Probation officers sued the state of Maine in state court over alleged violations of the Fair Labor Standards Act of 1938.
Congress cannot pass laws that subject nonconsenting states to private suits in state courts. The provisions of the Fair Labor Standards Act providing for private suits against states in state courts were unconstitutional.
The plaintiffs, a group of probation officers, sued the state of Maine in state court. The plaintiffs alleged that the state had violated overtime provisions of the Fair Labor Standards Act.
Does Article I give Congress the power to subject nonconsenting states to private suits in state courts?
No, Article I does not give Congress the power to subject nonconsenting states to private suits in state courts.

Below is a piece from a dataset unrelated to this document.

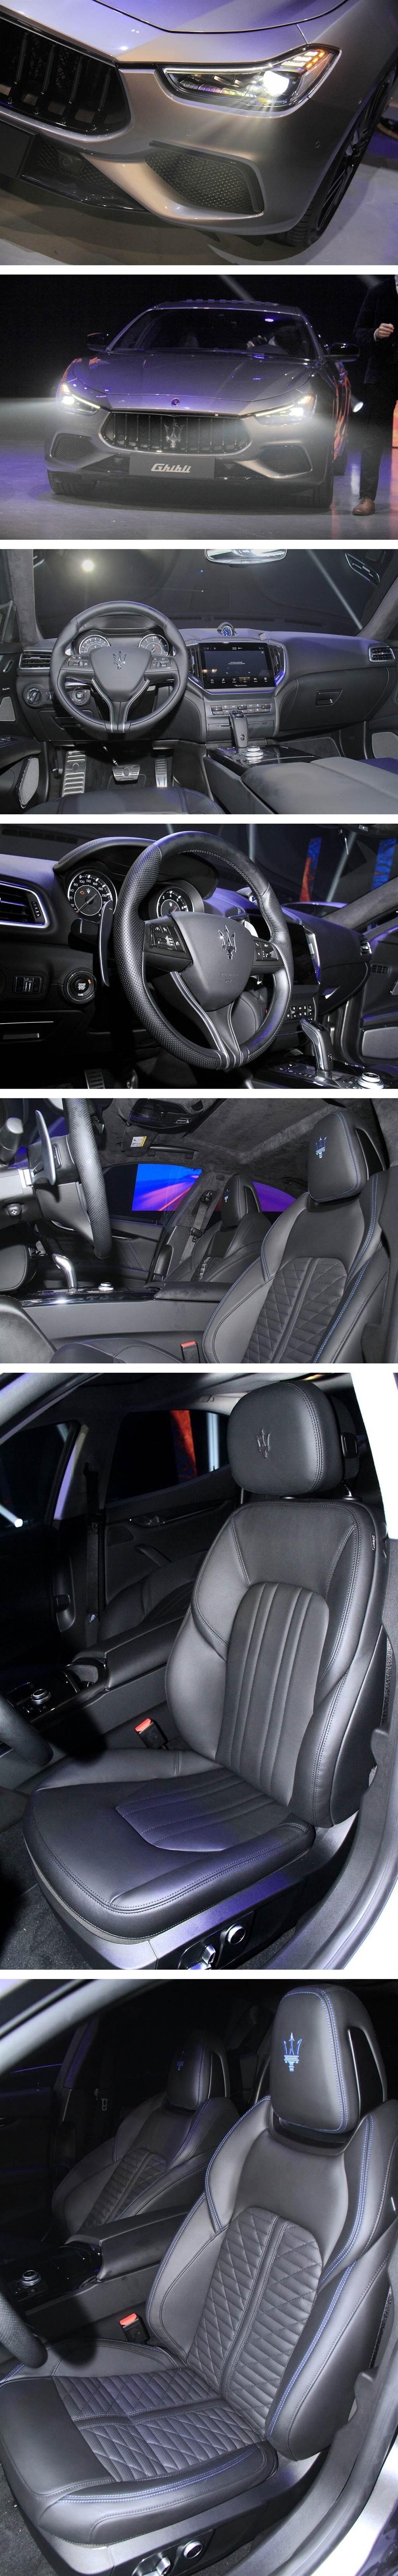 這次發表的Ghibli MHEV GranSport特別選配(包含座椅加熱與通風功能,需加價39萬)來自Levante Trofeo同款的Pieno Fiore天然皮革內裝。

Justice Souter argued that the Supreme Court’s opinion in Garcia v. San Antonio Metropolitan Transit Authority established that federal laws enacted under the Commerce Clause may bind the states without having to satisfy a test of undue incursion into state sovereignty. He also argued that the Supreme Court’s opinions in Seminole Tribe of Florida v. Florida and in the present case weakened the government’s ability to protect private rights
The Supreme Court found that the historical record of the events preceding the ratifiction of the Constitution showed that the American people accepted the English doctrine that sovereigns could not be sued without their consent. The Supreme Court rejected the plaintiffs’ argument that the historical record only provided guidance on states’ immunity in federal court. According to the Supreme Court, the historical record was silent on state immunity in state court because no one at the time even suggested the Constitution might strip the states of their immunity. The Supreme Court also found that congressional practice supported this holding, because the provisions at issue here were among the first laws expressly subjecting nonconsenting states to private suit. The structure of the Constitution was also inconsistent with these provisions, according to the Supreme Court.

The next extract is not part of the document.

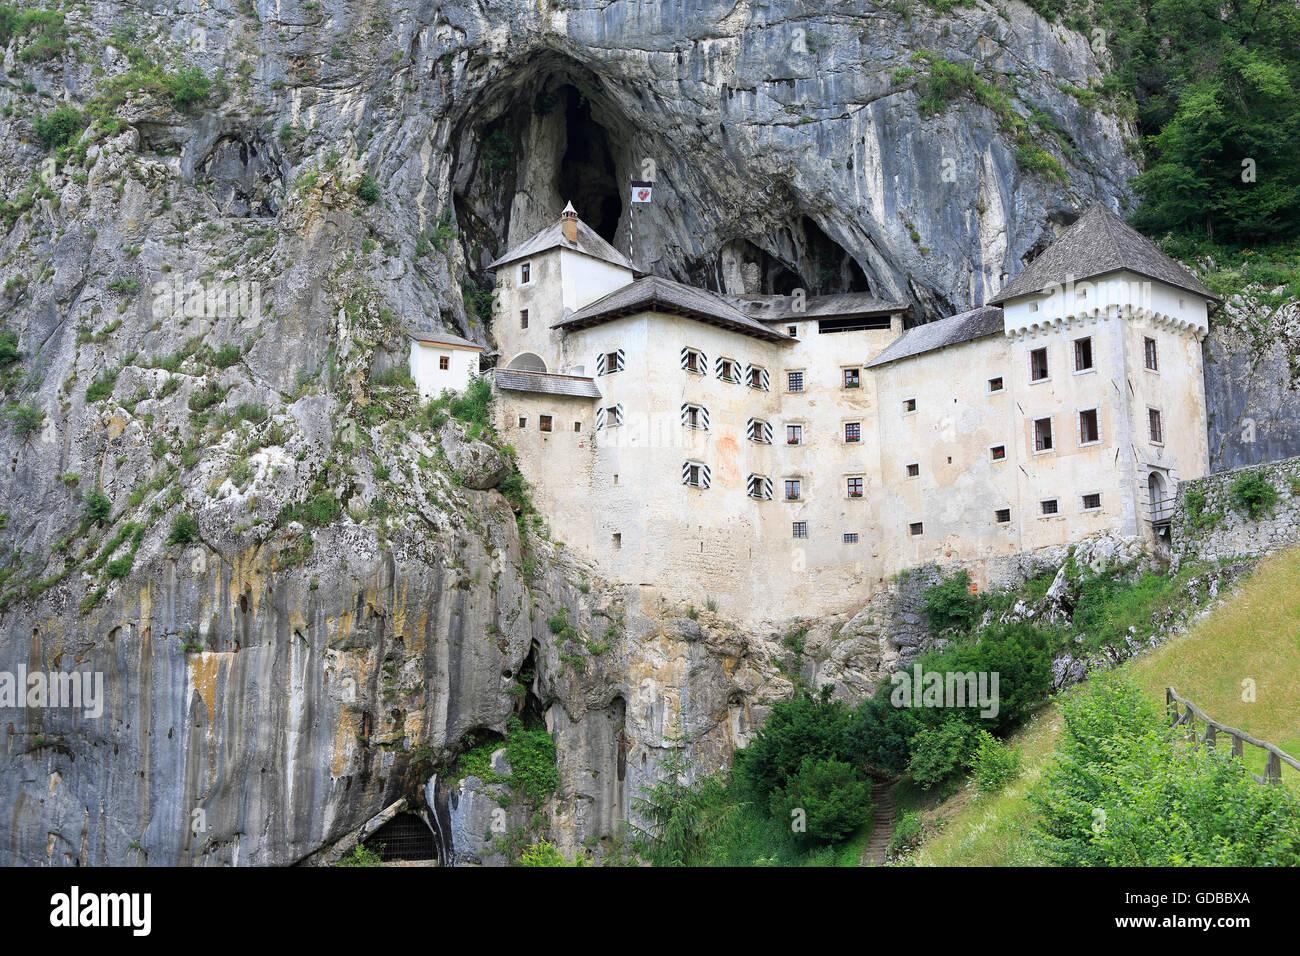 View of the Predjama Castle, Slovenia - Stock Image

The Supreme Court went on to explain the principles underlying the need to protect nonconsenting states from private suits, including the states’ financial integrity. The Supreme Court also listed several ways in which state sovereign immunity is limited: states can be sued when they consent, the federal government can seek states’ voluntary consent to private suits, and lesser entities such as state officers may be sued in certain situations.